Required disclosure of letters of intent and other non-binding agreements would cause competitive harm or otherwise disrupt the ability of companies to negotiate agreements for the benefit of the company and its investors. In the proposal, the Commission asked for comments regarding whether disclosure of letters of intent and other non-binding agreements would "cause competitive harm or otherwise disrupt the ability of companies to negotiate agreements for the benefit of the company and its investors." 5 We believe that it would cause significant harm and disruption. Frequently, a letter of intent or other form of non-binding agreement is executed before many significant terms of the transaction have been agreed and before due diligence has commenced.

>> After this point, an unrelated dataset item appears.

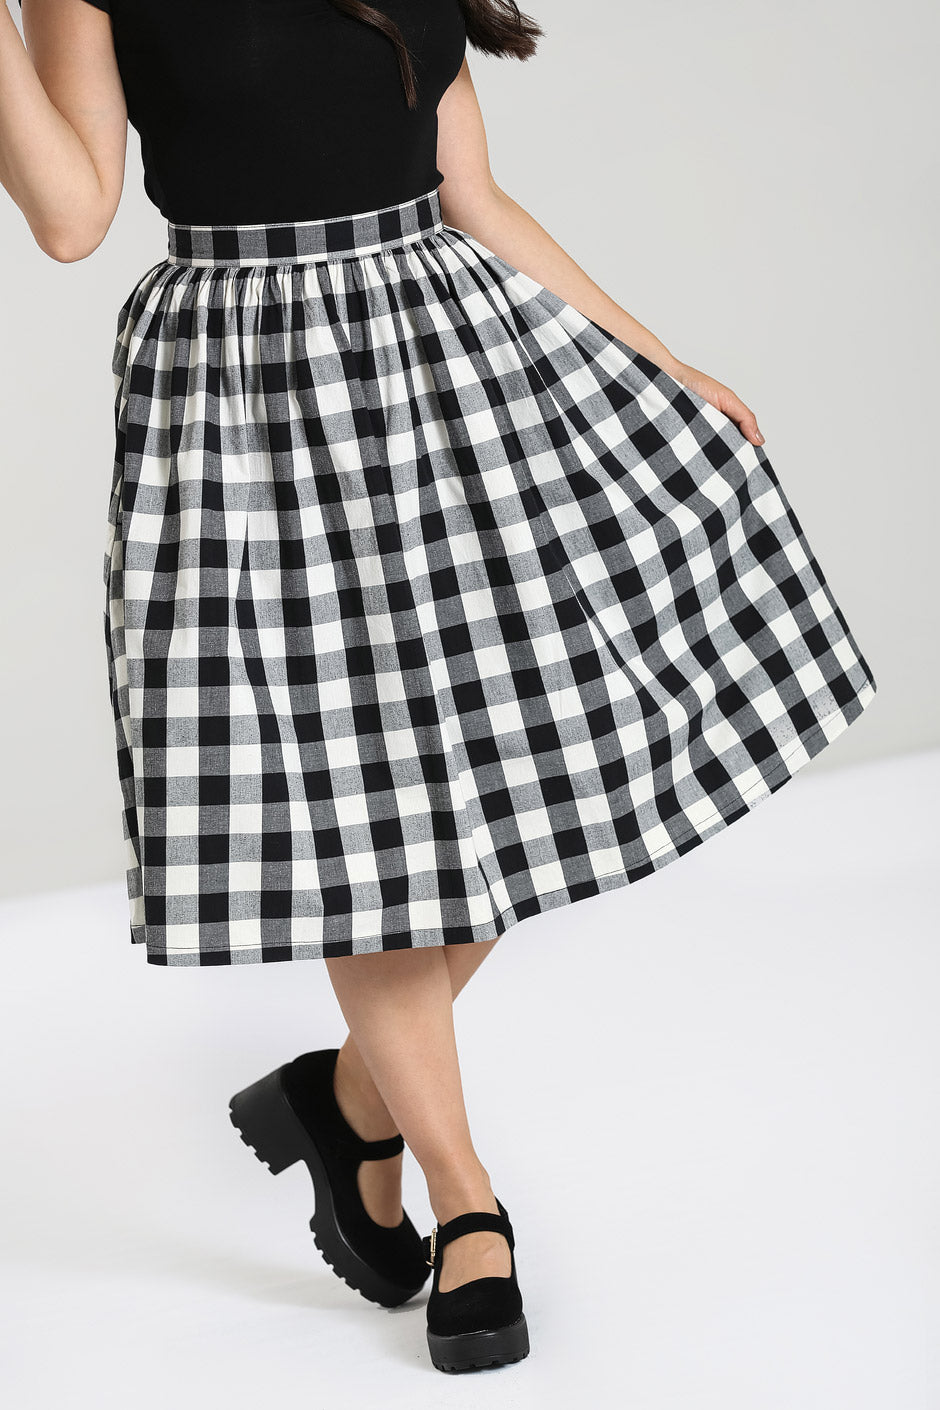 Victorine 50's Skirt

Requiring companies to disclose negotiating terms that could be reviewed by their competitors could adversely affect continuing negotiations or increase the price the disclosing company will have to pay once a definitive agreement is reached or affect other material terms or conditions of the transaction, thereby possibly harming the very investors the proposal is meant to protect. This would also put public companies at a significant competitive disadvantage relative to privately-held companies. 6

* * * * *

We appreciate this opportunity to comment on the Commission's proposal to require disclosure of letters of intent and other non-binding agreements on Form 8-K, and would be happy to discuss further the Commission's proposal and the contents of this letter with the Commission. If you have any questions or comments, please do not hesitate to contact David Bonser (202-637-5868, e-mail: dwbonser@hhlaw.com) or David Slotkin (202-637-3675, e-mail: dpslotkin@hhlaw.com).

Very truly yours,

HOGAN & HARTSON L.L.P.

______________________________
1 17 CFR 228, 229, 240, 249 (Release Nos. 33-8106; 34-46804)(June 17, 2002).
2 Basic, Inc. v. Levinson, 485 U.S. 224, 232 (quoting SEC v. Texas Gulf Sulphur Co., 401 F.2d 833, 849).
3 17 CFR 228, 229, 240, 249 (Release Nos. 33-8106; 34-46804)(June 17, 2002).
4 Separately, we also believe the Commission should more particularly define when an agreement is outside of the ordinary course of business. For instance, is an agreement (binding or not) to purchase real estate by a REIT or other real estate company outside its ordinary course of business? Also, does the size of such transaction merely affect the materiality analysis, or does it also play a part in determining whether a transaction is outside of the ordinary course of business?
5 17 CFR 228, 229, 240, 249 (Release Nos. 33-8106; 34-46804)(June 17, 2002).
6 We add that an unwanted side effect could be that companies will simply avoid memorializing non-binding understandings through letters of intent or other forms of non-binding agreements. In the absence of a writing, the materiality analysis under Basic v. Levinson would still apply, resulting in disparate treatment of a non-binding oral agreement and one memorialized into a letter of intent.